(426h) Gas Detectors Layout Optimization Considering False Positive and False Negatives: A Stochastic Programming Approach and a Quantitative Assessment of the Process Industries | AIChE

(426h) Gas Detectors Layout Optimization Considering False Positive and False Negatives: A Stochastic Programming Approach and a Quantitative Assessment of the Process Industries

Authors 

Benavides-Serrano, A. - Presenter, Texas A&M University
Mannan, S., Texas A&M University
Laird, C. D., Texas A&M University



Gas detection constitutes an important layer of protection in process facilities. From a review of the 100 largest property damage losses in the hydrocarbon industry, around 70 are attributed to fires, explosions, and/or vapor cloud explosions.
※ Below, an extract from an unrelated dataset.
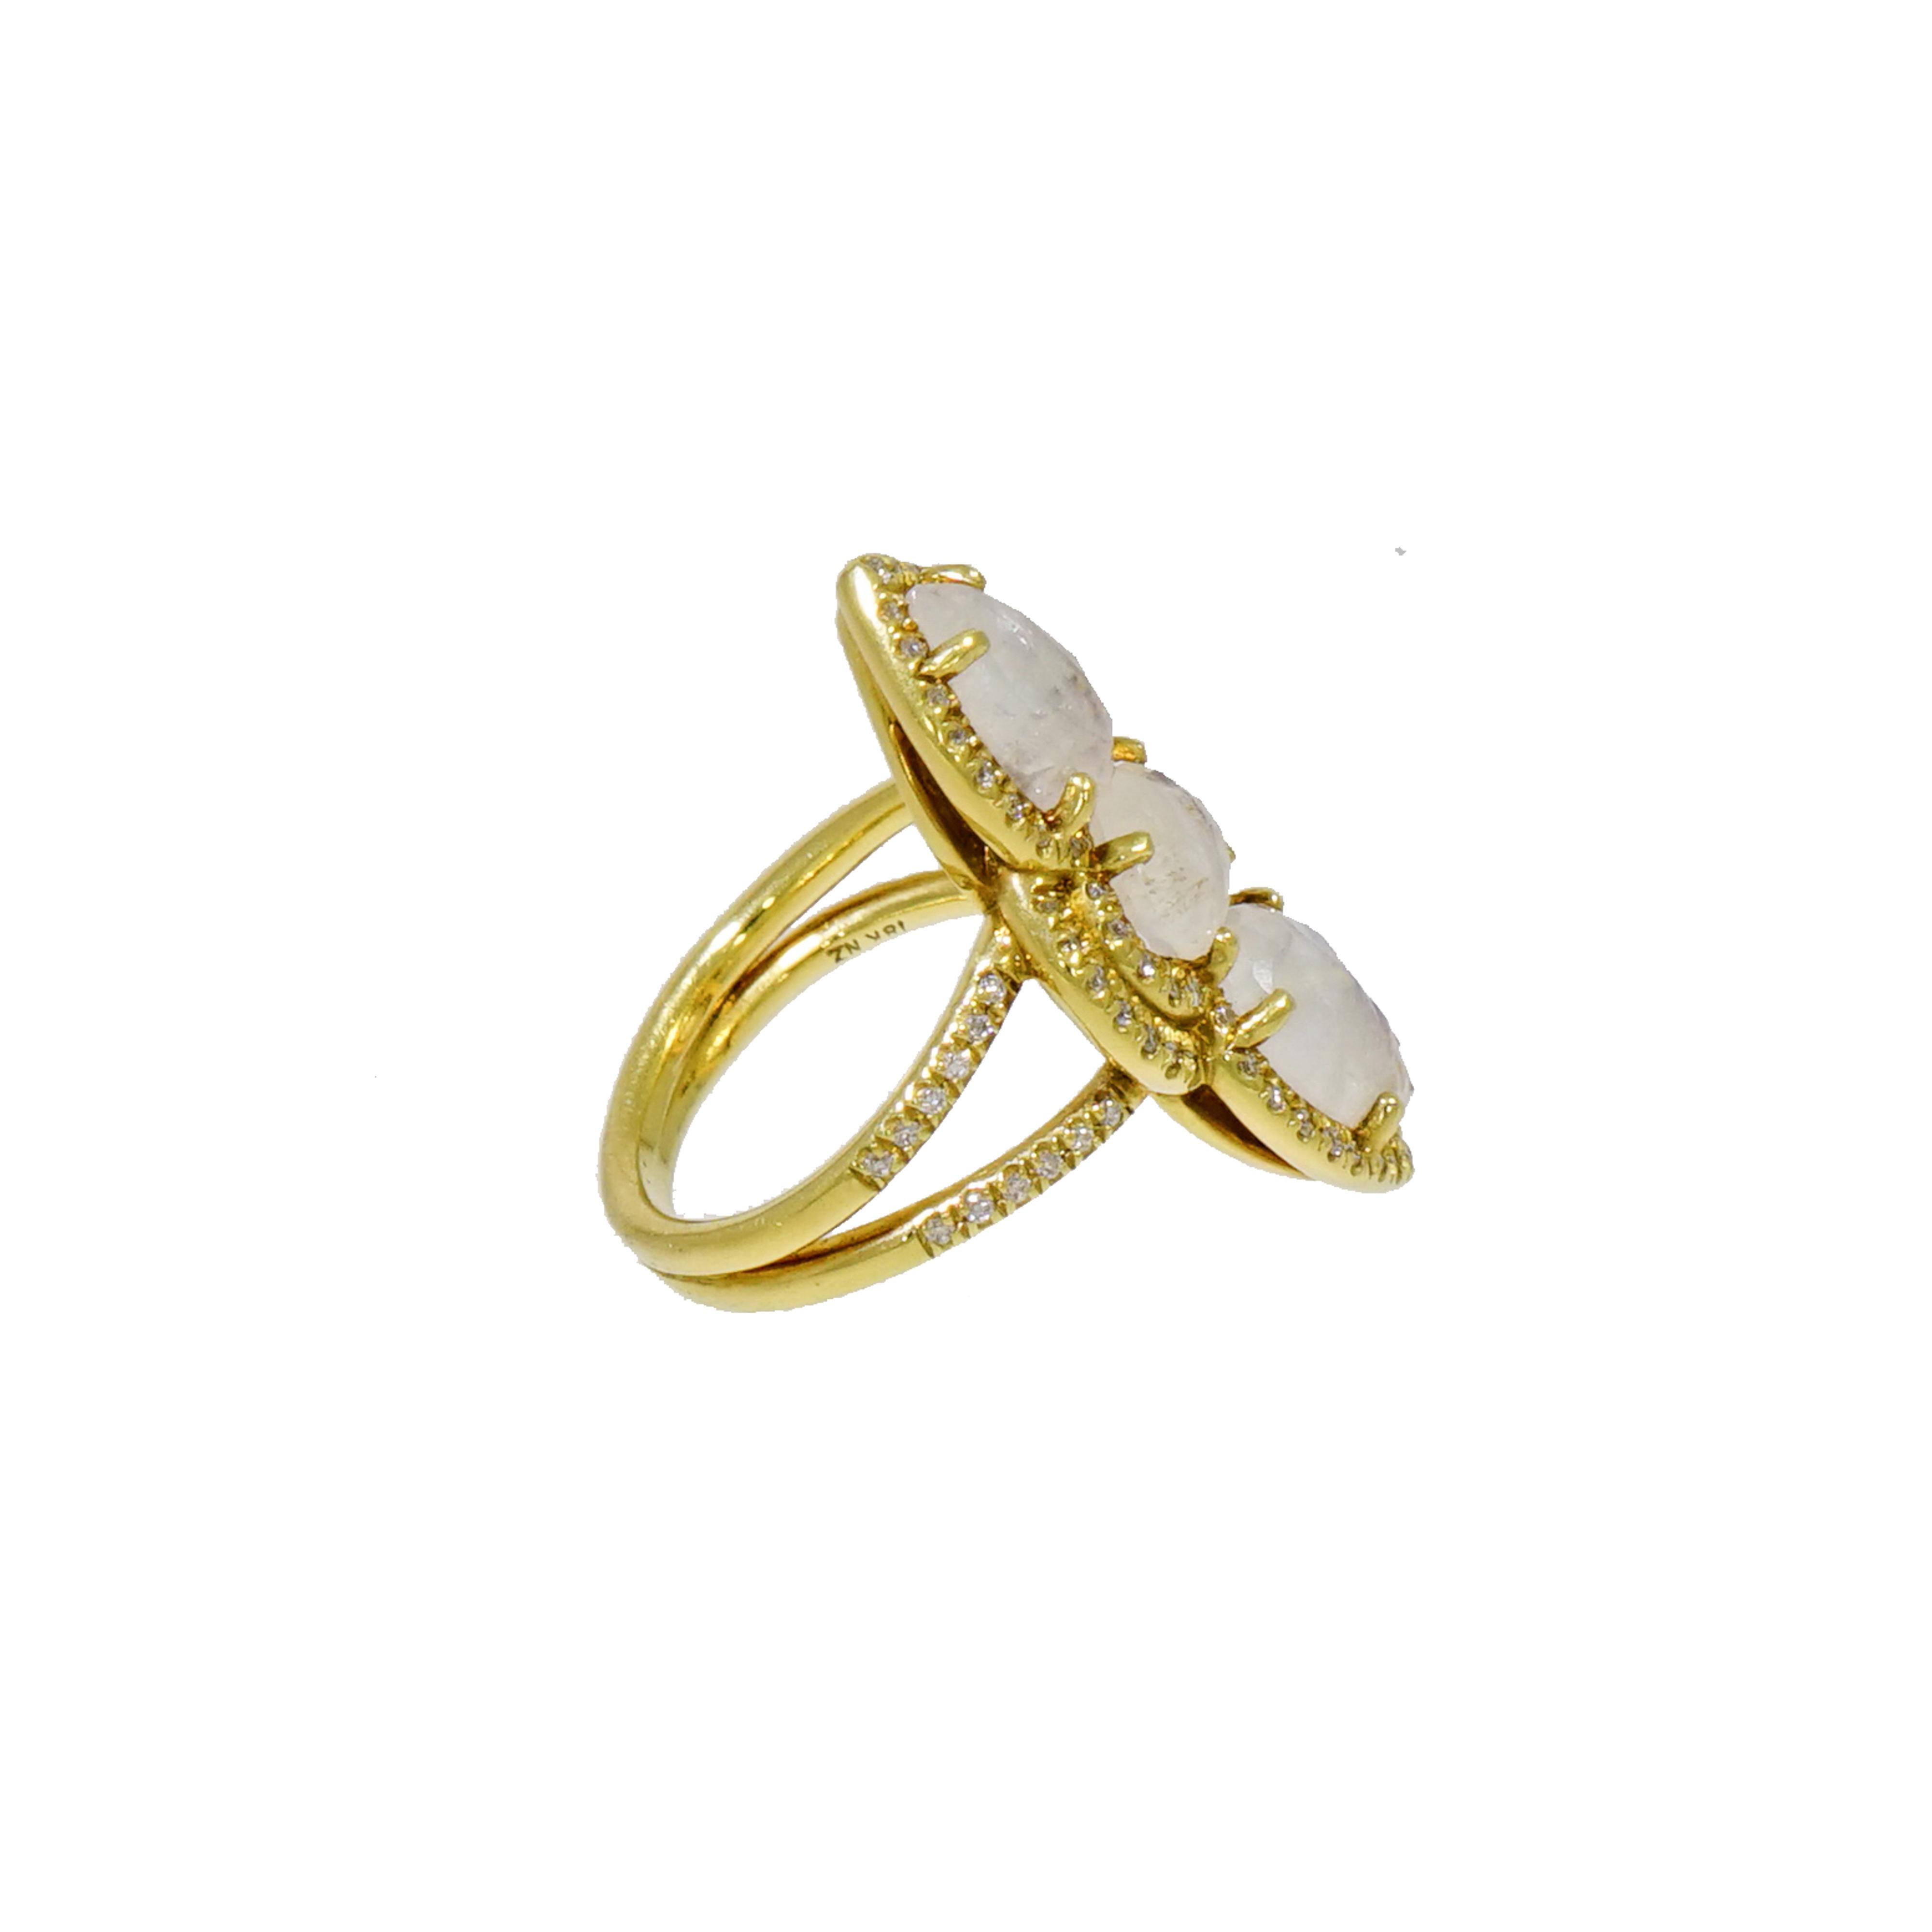 From the lower key to the extravagant...This Moonstone Ring is so much more: a dreamy bundle of Moonstone and Diamonds. Designed and crafted in NYC in 18k yellow gold with faceted pear and oval shaped moonstones displaying colors and illuminated by

Incidents where the fire and gas detection system played or could have played an important role in preventing further damages after loss of containment. While effective technology exists for gas detection, several difficulties make the problem of gas detector placement challenging. First, dispersion scenario source location, size, and duration are generally unknown. Second, the gas leak dispersion development and transport depend on fluid properties and dispersion characteristics, environmental factors, and facility geometry. Third, formal quantification of the final risk of a given dispersion scenario is a complicated task. Finally, even if all this data is high quality and can be consolidated, due to the combinatorial aspects of the problem, exhaustive search is not an option.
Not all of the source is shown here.